**WORK TO BE COMPLETED**
For every line of the material below, check for the string "Large" and return the line if it is there.

**INPUT**
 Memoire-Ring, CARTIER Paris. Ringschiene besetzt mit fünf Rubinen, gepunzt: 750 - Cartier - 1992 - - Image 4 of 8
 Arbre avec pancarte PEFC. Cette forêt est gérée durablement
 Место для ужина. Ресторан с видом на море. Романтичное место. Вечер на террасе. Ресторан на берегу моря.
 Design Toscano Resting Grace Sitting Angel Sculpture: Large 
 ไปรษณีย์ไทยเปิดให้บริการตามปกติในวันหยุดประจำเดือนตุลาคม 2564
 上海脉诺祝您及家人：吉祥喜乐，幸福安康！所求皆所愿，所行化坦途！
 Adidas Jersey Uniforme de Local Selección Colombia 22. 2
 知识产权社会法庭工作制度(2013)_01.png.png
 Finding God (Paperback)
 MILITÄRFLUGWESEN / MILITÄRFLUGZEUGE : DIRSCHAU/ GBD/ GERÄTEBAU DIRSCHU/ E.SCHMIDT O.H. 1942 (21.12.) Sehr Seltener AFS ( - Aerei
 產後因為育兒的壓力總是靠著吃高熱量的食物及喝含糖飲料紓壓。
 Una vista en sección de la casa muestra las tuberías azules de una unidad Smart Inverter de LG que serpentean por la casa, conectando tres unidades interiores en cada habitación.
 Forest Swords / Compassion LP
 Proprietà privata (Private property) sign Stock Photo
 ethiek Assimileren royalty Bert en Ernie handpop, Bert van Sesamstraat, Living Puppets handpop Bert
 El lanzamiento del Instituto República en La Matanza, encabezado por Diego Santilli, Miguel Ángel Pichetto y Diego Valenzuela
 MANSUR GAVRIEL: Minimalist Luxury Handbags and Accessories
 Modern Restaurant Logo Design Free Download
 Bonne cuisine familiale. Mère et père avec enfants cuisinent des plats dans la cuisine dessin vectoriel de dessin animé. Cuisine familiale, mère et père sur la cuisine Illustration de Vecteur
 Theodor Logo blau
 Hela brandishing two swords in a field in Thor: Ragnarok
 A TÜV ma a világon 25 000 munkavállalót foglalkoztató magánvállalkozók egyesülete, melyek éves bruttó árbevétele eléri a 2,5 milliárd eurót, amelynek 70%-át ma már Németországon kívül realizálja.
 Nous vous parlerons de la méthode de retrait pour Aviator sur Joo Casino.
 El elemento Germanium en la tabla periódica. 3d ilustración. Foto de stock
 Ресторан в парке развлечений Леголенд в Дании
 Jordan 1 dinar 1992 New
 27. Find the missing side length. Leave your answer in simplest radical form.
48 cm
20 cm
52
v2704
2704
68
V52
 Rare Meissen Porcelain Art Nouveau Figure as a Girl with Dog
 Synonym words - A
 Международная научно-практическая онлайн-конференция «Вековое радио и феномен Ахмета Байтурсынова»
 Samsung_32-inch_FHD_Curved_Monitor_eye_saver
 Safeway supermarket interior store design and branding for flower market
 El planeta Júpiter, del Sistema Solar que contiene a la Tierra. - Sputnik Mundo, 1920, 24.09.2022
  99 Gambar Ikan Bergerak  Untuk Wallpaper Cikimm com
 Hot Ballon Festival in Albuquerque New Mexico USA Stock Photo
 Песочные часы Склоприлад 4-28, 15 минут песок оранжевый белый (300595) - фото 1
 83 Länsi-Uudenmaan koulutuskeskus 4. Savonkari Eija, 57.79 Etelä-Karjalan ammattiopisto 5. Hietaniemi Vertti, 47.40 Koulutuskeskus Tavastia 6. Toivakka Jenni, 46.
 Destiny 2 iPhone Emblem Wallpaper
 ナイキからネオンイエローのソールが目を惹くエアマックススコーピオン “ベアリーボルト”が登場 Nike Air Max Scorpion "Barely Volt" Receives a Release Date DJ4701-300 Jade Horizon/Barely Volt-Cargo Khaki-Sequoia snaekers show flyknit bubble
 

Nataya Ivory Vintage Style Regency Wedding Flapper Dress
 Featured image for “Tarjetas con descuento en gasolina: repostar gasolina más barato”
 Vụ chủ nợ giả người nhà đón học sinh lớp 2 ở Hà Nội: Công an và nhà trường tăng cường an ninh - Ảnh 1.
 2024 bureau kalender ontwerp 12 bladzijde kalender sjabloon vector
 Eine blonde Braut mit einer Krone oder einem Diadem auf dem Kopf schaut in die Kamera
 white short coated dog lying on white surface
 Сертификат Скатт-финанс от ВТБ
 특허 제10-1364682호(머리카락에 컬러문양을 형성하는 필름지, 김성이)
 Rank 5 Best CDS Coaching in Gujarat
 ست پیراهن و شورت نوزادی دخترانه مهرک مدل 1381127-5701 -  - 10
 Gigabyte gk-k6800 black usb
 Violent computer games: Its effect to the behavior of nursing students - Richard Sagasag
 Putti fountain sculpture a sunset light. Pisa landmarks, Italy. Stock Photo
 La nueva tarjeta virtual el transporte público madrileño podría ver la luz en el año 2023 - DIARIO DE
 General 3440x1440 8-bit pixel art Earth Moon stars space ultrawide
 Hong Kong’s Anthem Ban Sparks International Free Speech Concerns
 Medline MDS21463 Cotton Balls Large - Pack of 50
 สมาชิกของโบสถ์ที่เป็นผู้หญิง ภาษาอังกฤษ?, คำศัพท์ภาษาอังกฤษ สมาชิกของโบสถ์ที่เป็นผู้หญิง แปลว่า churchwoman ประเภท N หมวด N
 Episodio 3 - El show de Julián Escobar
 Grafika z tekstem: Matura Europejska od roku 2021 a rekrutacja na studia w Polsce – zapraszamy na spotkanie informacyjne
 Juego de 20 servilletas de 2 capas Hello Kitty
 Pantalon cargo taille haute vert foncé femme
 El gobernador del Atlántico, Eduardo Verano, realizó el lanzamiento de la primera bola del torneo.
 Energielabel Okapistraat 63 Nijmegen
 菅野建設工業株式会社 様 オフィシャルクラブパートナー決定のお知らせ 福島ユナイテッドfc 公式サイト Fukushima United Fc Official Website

**RESULT OF THIS EXERCISE**
 Design Toscano Resting Grace Sitting Angel Sculpture: Large 
 Medline MDS21463 Cotton Balls Large - Pack of 50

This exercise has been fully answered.